_YOUR GOAL:_
Going down the listing below, print exactly each line from the one with "Berik Track Plus" up to and including the one with "Восточное Кафе Лепешка в Королеве фото 2", and skip the rest.

_DATASET CONTENT:_
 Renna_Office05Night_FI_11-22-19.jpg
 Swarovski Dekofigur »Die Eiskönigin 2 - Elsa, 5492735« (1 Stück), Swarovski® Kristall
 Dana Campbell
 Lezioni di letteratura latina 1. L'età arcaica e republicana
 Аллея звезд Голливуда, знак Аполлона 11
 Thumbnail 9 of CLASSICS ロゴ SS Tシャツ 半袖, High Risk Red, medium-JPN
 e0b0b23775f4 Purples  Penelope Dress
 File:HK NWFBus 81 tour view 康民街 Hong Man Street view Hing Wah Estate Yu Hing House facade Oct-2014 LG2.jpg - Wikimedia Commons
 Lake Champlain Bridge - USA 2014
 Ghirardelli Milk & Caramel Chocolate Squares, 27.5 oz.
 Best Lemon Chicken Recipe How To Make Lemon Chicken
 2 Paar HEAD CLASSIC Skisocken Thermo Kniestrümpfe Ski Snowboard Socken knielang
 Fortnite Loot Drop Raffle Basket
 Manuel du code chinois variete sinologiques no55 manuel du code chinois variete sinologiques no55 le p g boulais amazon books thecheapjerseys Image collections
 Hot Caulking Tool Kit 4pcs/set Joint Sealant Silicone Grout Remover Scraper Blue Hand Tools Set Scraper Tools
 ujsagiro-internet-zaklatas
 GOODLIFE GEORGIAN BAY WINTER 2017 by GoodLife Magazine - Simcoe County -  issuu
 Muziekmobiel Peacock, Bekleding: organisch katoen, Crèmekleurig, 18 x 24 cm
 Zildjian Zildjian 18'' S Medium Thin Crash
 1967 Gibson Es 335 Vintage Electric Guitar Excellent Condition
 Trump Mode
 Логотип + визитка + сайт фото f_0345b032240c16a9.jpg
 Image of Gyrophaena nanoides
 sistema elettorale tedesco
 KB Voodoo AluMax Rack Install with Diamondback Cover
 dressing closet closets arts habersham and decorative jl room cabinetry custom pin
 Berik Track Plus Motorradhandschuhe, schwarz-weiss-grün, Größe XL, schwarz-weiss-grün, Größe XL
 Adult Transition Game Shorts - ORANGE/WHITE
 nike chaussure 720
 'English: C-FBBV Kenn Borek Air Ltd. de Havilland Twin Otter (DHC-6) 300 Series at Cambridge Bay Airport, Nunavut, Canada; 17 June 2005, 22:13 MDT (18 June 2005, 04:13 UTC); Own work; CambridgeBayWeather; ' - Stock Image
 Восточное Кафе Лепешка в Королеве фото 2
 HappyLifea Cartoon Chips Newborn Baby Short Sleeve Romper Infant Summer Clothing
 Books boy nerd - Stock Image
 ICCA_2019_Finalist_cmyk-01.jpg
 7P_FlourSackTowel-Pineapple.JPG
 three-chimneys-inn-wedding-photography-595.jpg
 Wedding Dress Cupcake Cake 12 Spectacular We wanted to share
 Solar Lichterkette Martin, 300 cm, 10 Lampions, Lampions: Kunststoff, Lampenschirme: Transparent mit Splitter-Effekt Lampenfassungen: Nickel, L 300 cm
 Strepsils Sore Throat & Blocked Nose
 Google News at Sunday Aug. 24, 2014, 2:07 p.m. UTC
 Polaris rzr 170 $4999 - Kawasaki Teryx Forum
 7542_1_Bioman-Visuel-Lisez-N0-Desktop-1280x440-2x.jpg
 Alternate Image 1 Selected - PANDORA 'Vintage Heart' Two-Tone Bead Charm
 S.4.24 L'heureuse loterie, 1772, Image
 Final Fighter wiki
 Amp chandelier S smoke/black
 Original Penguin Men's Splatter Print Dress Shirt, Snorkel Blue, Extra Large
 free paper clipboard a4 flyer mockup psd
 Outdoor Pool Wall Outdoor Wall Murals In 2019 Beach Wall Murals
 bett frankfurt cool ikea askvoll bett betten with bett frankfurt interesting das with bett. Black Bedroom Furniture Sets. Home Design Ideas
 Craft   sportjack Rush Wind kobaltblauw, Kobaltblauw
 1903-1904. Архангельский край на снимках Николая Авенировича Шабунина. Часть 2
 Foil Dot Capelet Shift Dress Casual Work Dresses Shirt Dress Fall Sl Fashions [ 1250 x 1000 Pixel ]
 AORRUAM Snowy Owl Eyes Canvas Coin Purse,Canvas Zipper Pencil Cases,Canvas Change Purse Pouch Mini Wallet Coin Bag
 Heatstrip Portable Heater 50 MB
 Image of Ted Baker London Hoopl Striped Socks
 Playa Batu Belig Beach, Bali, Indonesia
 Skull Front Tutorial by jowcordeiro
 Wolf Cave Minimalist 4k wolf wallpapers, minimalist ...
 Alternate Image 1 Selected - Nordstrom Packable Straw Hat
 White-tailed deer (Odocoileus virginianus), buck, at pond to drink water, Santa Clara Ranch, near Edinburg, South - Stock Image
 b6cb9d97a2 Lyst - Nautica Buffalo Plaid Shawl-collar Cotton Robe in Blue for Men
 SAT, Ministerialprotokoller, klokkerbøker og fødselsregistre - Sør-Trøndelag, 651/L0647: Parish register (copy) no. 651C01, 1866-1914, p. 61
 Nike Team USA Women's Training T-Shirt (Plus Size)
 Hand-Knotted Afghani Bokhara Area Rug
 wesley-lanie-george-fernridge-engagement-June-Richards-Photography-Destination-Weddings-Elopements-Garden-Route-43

_TASK RESULT:_
 Berik Track Plus Motorradhandschuhe, schwarz-weiss-grün, Größe XL, schwarz-weiss-grün, Größe XL
 Adult Transition Game Shorts - ORANGE/WHITE
 nike chaussure 720
 'English: C-FBBV Kenn Borek Air Ltd. de Havilland Twin Otter (DHC-6) 300 Series at Cambridge Bay Airport, Nunavut, Canada; 17 June 2005, 22:13 MDT (18 June 2005, 04:13 UTC); Own work; CambridgeBayWeather; ' - Stock Image
 Восточное Кафе Лепешка в Королеве фото 2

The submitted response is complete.